# Car insurance, can I claim?



## mimi22 (29 Apr 2009)

I recently had an accident where another car drove into the back of mine while standing at traffic lights. There is 1200 Euro damage to the car and I was unable to work for 1 week with a concussion. The car was still insured through the previous owner, and I was insured as a name driver on my partner's comprehensive insurance. We only found out afterwards that it is only the policy holder that is insured to drive other cars, not the name driver (in my opinion this isn't so clear in the insurance policy). Can I still claim through the other guy's insurance or not? The accident was 100% his fault and he accepts this.


----------



## RonanC (29 Apr 2009)

I dont think you have a leg to stand on with the insurance. You were not covered to drive this car, so therefore insurance will not pay out. You can also be hit with driving with no insurance and penalty points. Did your partner inform his/her insurance company of a change of vehicle when you bought/collected the car? If not you are not insured.


----------



## mimi22 (29 Apr 2009)

I am not sure what you mean by this:
"Did your partner inform his/her insurance company of a change of vehicle when you bought/collected the car"
My partner still has his own car, so there was no change of vehicle.* HE* would have been insured to drive my new car, but *I* wasn't (as I was just a name driver on his insurance for his car). I know I made a mistake not checking the insurance policy carefully before driving, but I had no fault at this accident at all!


----------



## baldyman27 (29 Apr 2009)

mimi22 said:


> I know I made a mistake not checking the insurance policy carefully before driving, but I had no fault at this accident at all!


 
In fact, if you had no insurance then the accident is 100% your fault as you shouldn't have been there in the first place. People fail to check whether they are covered to drive cars all the time. This is an expensive lesson.


----------



## mathepac (29 Apr 2009)

mimi22 said:


> ... I know I made a mistake not checking the insurance policy carefully before driving, but I had no fault at this accident at all!
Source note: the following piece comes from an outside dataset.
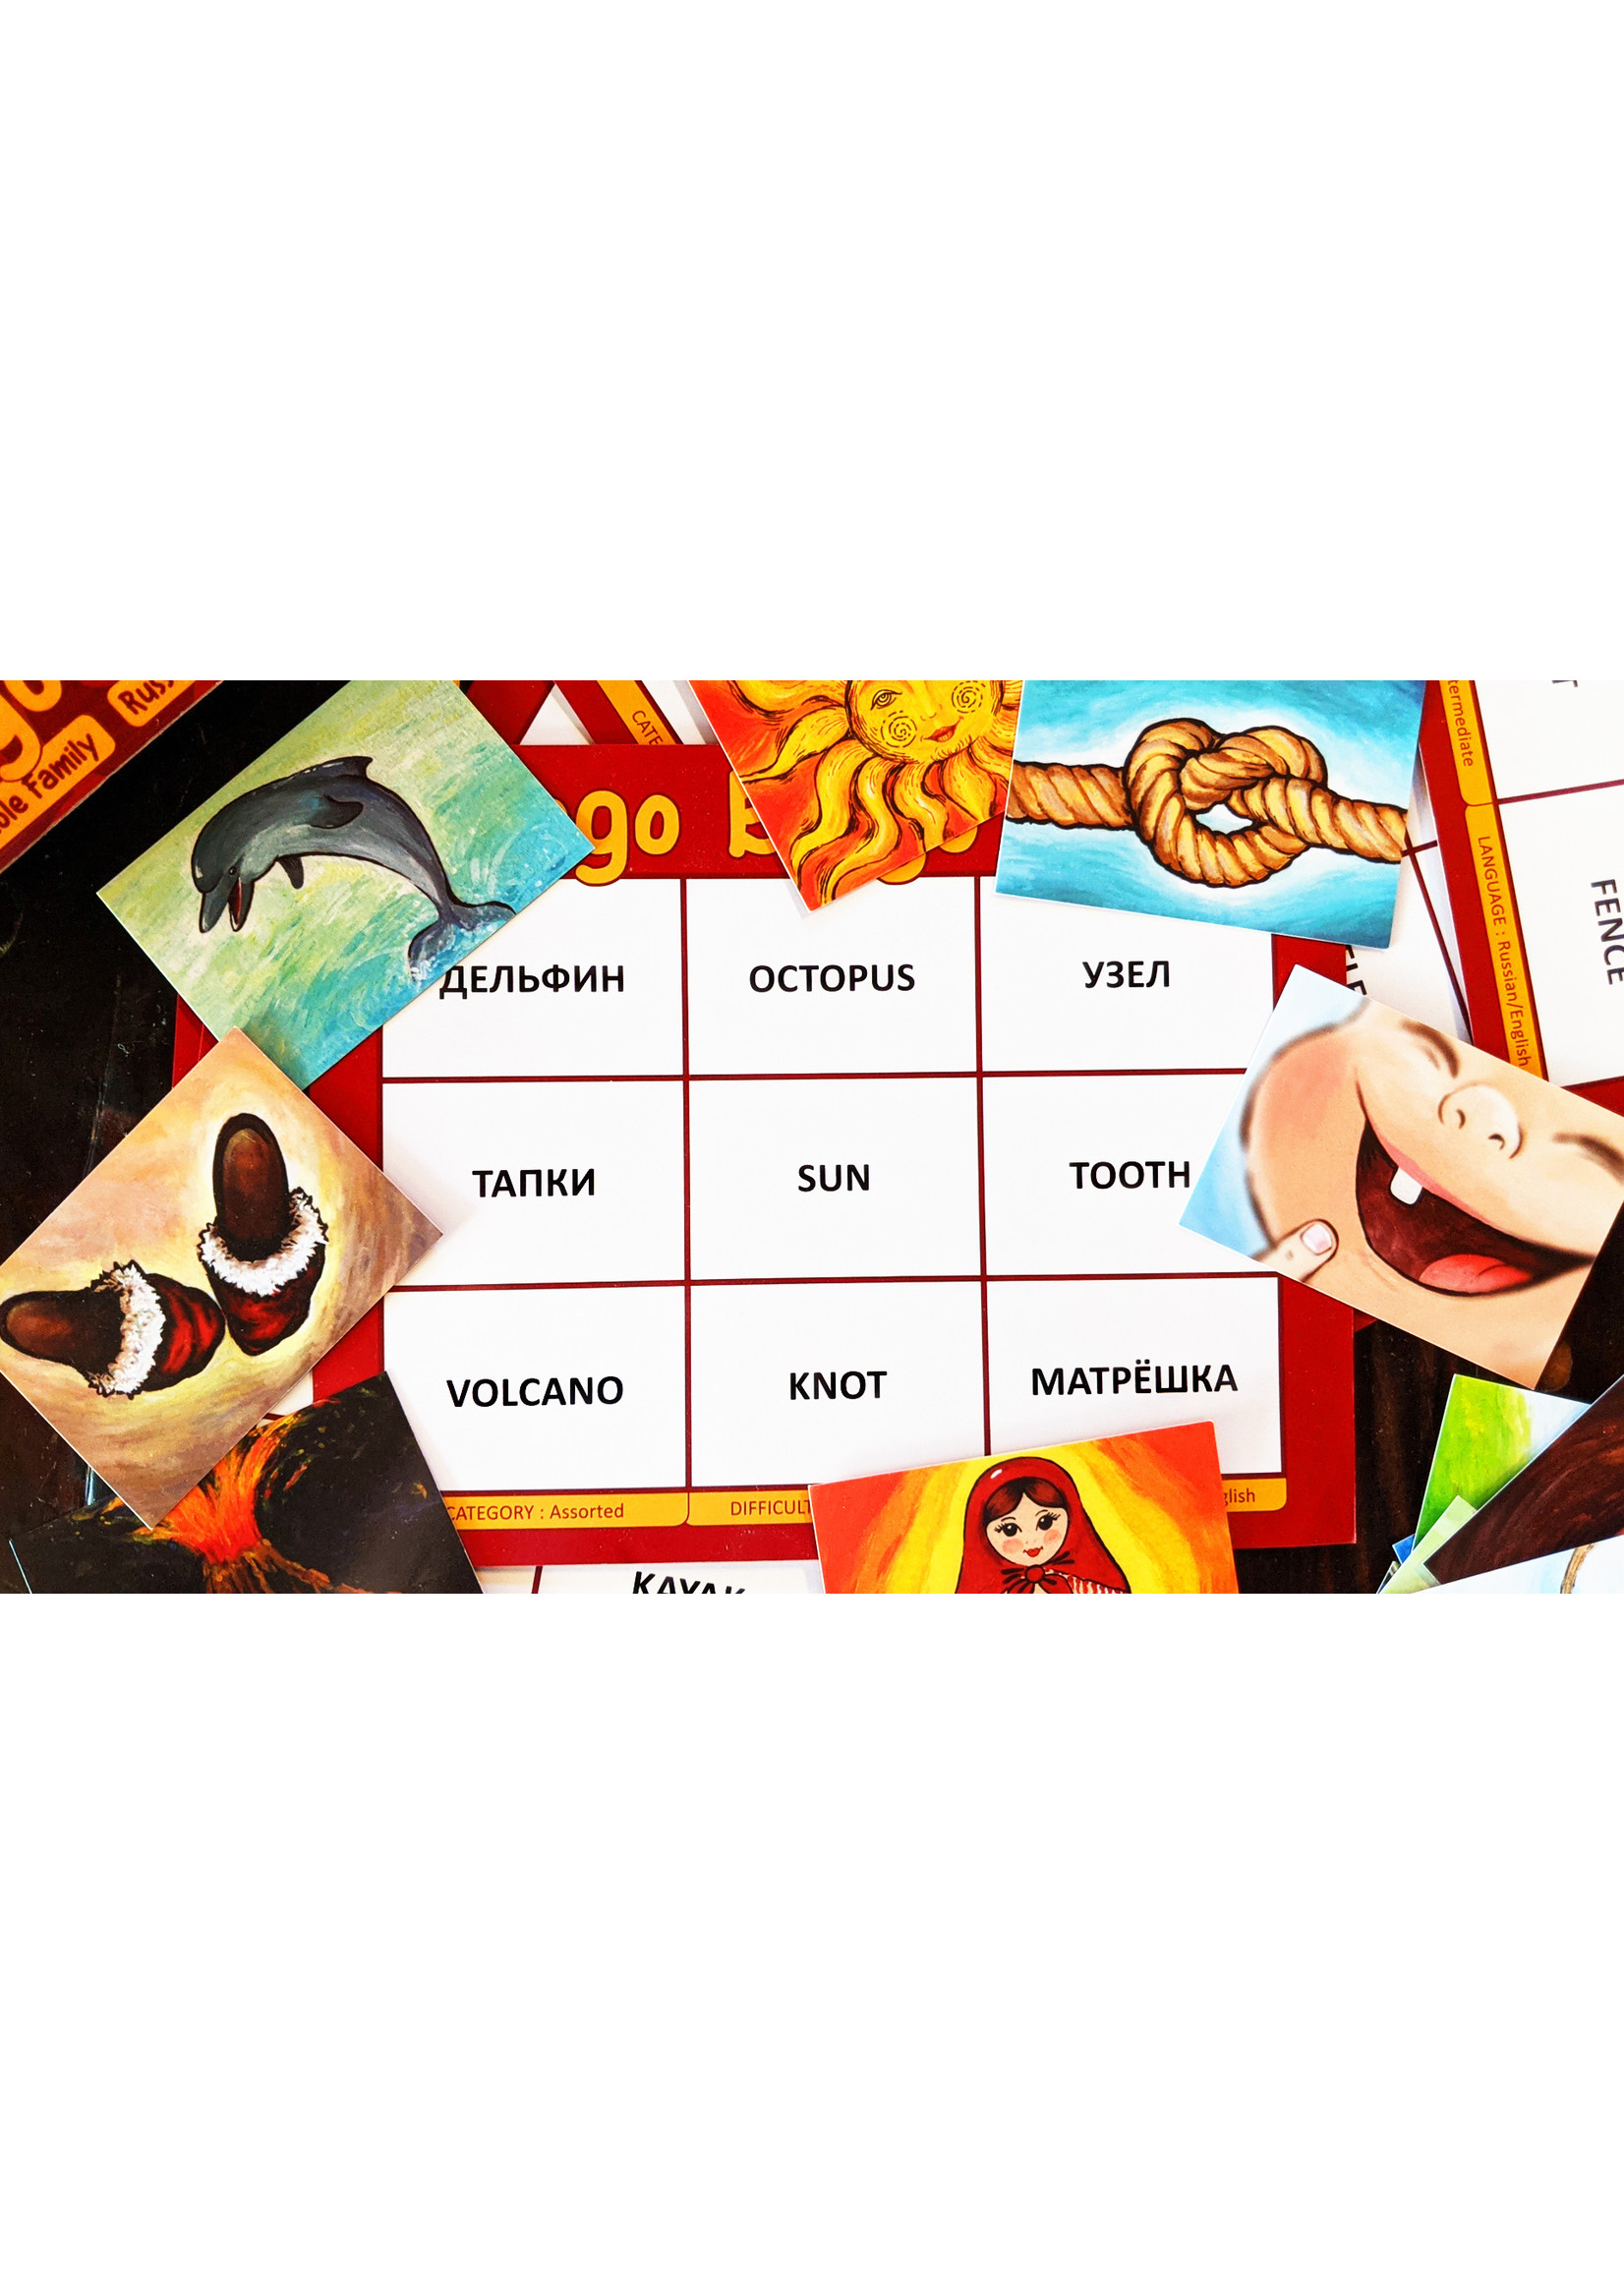 Bilingo Bingo, English\Russian Bilingual Game

Unfortunately it was a major mistake and it sounds like you had no insurance cover at the time of the accident.

Pursuing a claim under these circumstances will be difficult. If the other party makes any offer of  payment outside of the insurance channels, I suggest you look at it seriously.


----------



## mimi22 (29 Apr 2009)

Is there any point in getting further legal advice or will I just pay up and be glad that nothing worse happened and I am not being sued for uninsured driving? Does the fact that the car itself was insured not play any role in this at all?


----------



## mathepac (29 Apr 2009)

By all means get all the legal advice you need and can afford, but remember that insurance policies usually follow drivers and not cars.
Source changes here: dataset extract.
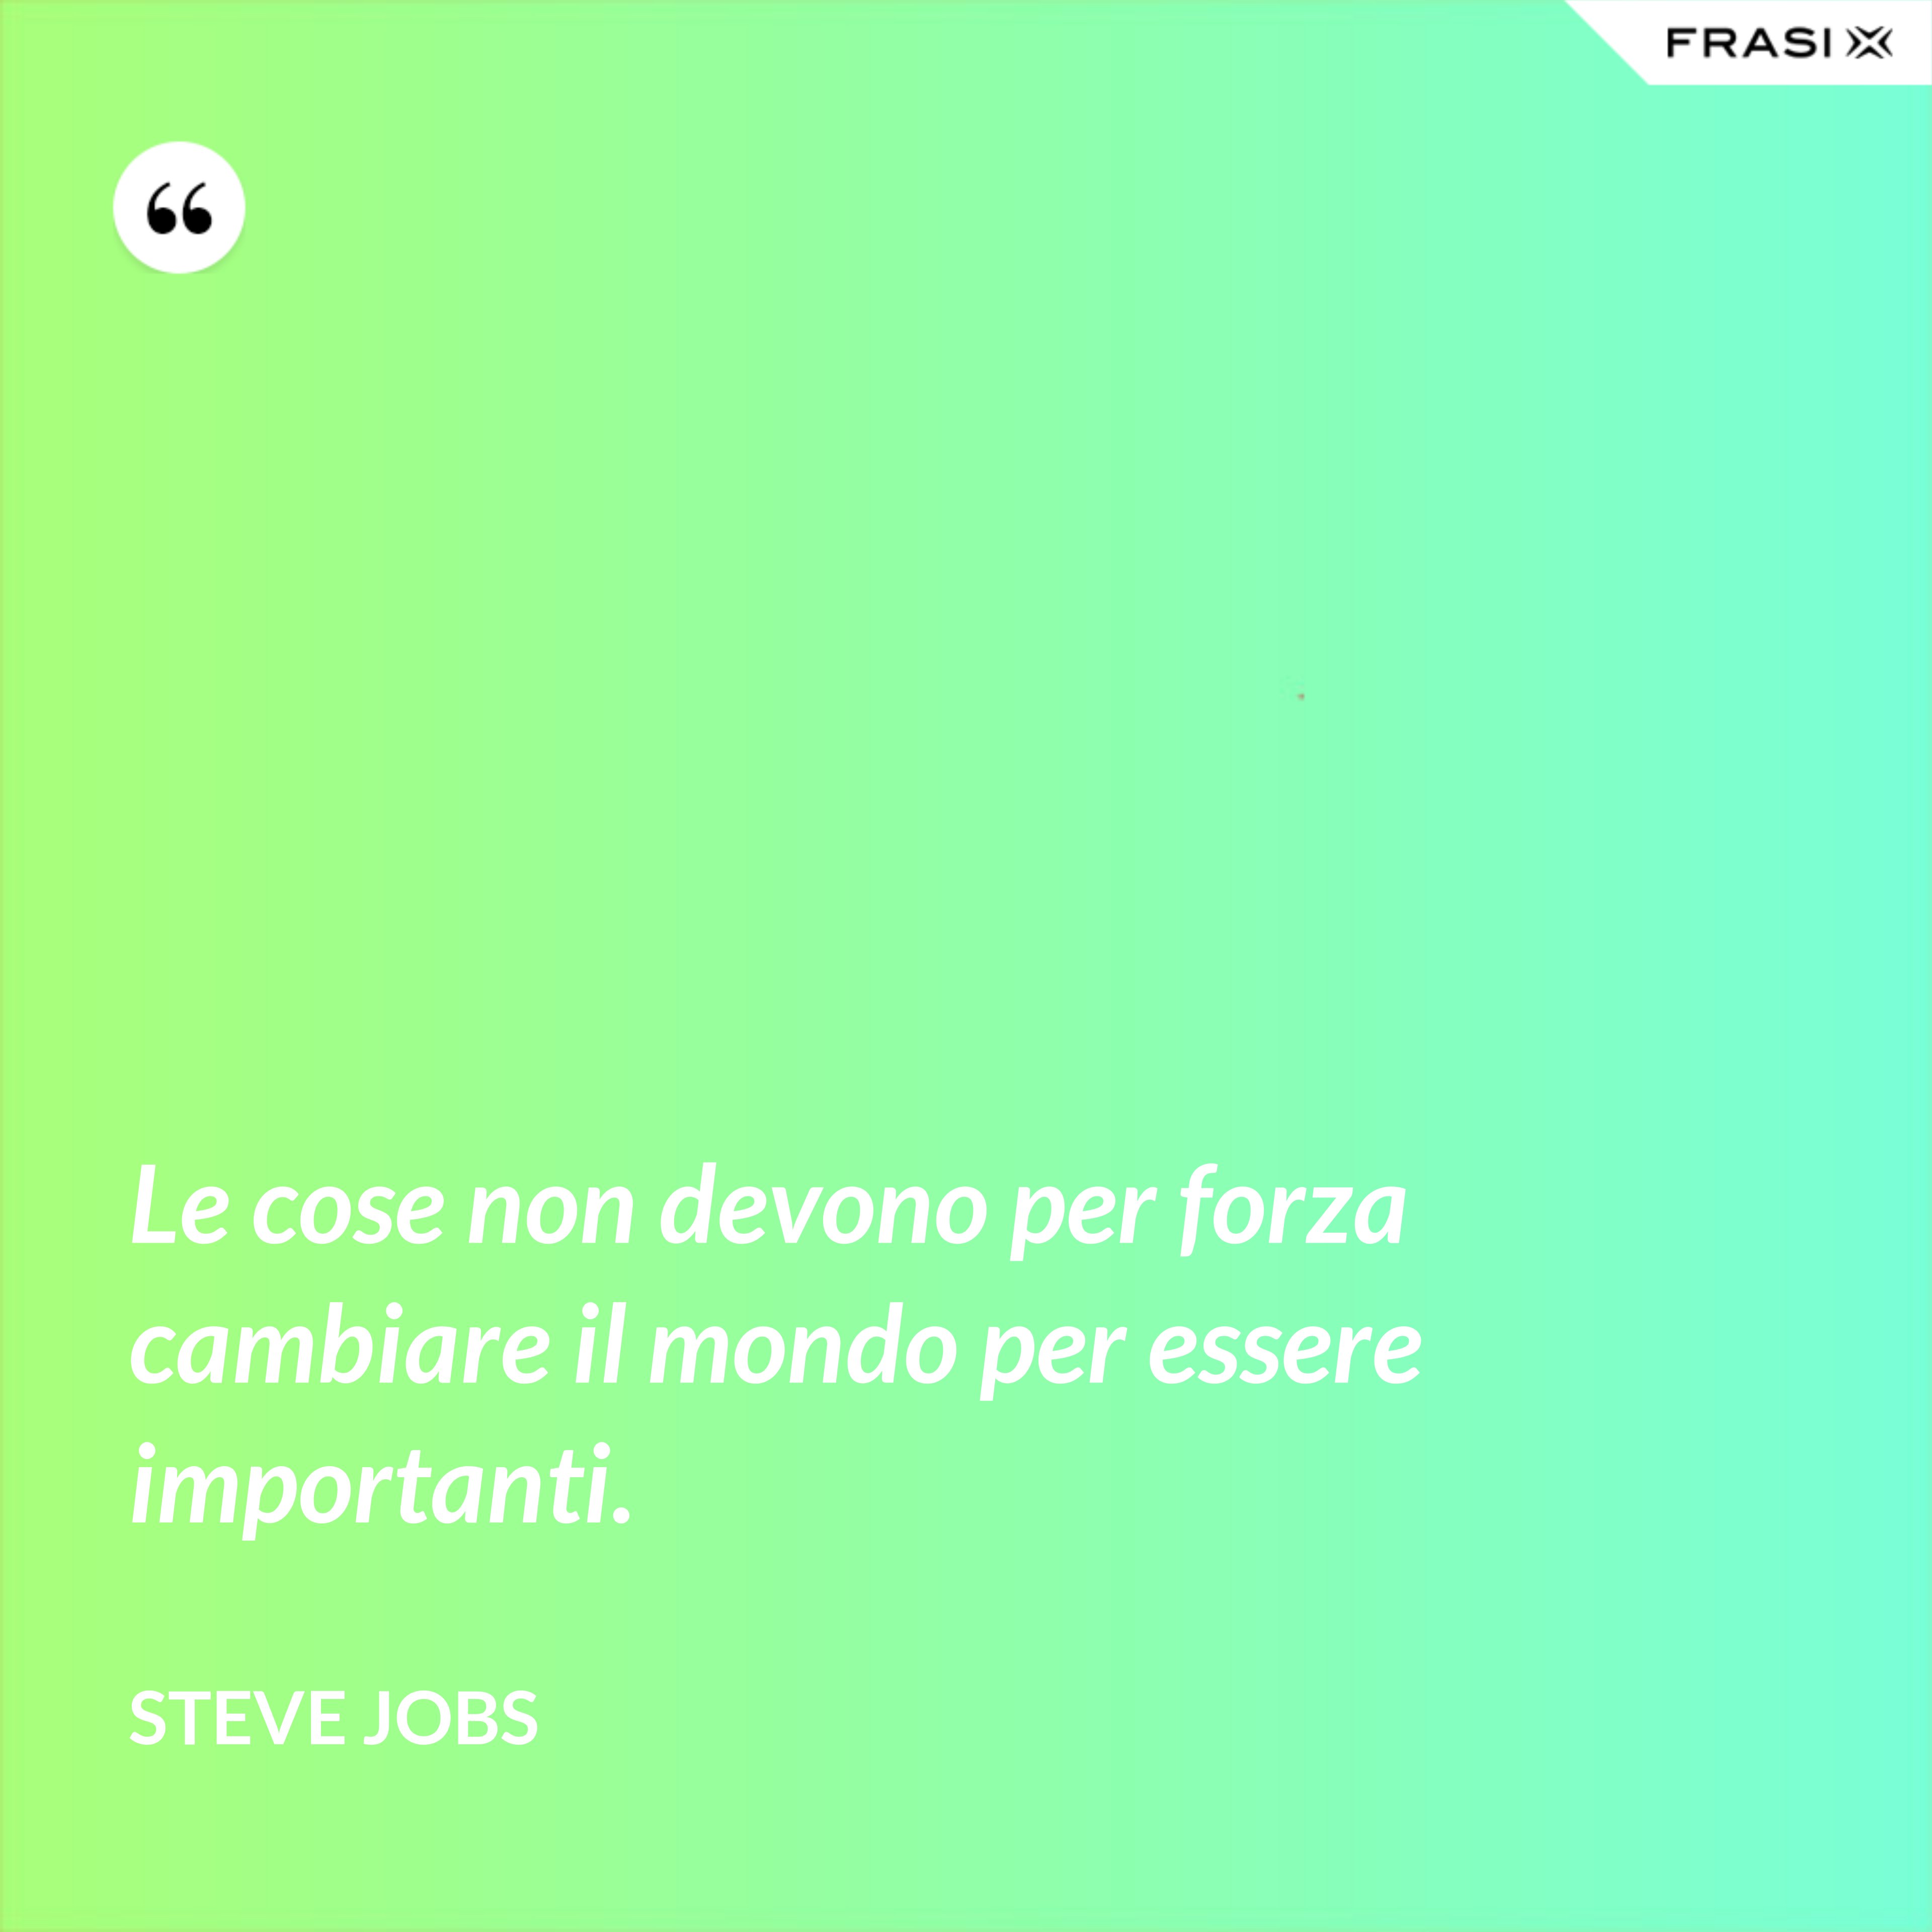 Le cose non devono per forza cambiare il mondo per essere importanti. - Steve Jobs

Based on the information you gave above it sounds like you were not insured, but check with the previous owner of the car who foolishly may not have cancelled his insurance.


----------



## baldyman27 (29 Apr 2009)

Even if the previous owner hadn't cancelled the insurance, it doesn't mean that the OP was insured to drive it. If the other driver is willing to make any payment to you without going through insurance, as mathepac has said, I would just gladly take it and consider myself to be very lucky.


----------



## Ed054 (29 Apr 2009)

mimi22 said:


> I recently had an accident where another car drove into the back of mine while standing at traffic lights. I had just bought the car the same day and was on my way home from the previous owner when the accident happened. There is 1000 Euro damage to the car and I was unable to work for 1 week with a concussion. The car was still insured through the previous owner, and I was insured as a name driver on my partner's comprehensive insurance. We only found out afterwards that it is only the policy holder that is insured to drive other cars, not the name driver (in my opinion this isn't so clear in the insurance policy). Can I still claim through the other guy's insurance or not? The accident was 100% his fault and he accepts this.


 
The fact that you had no insurance is in the circumstances outlined by you is  irrelevent.
If the other driver is at fault you are still totally within your rights to pursue a claim against him/her.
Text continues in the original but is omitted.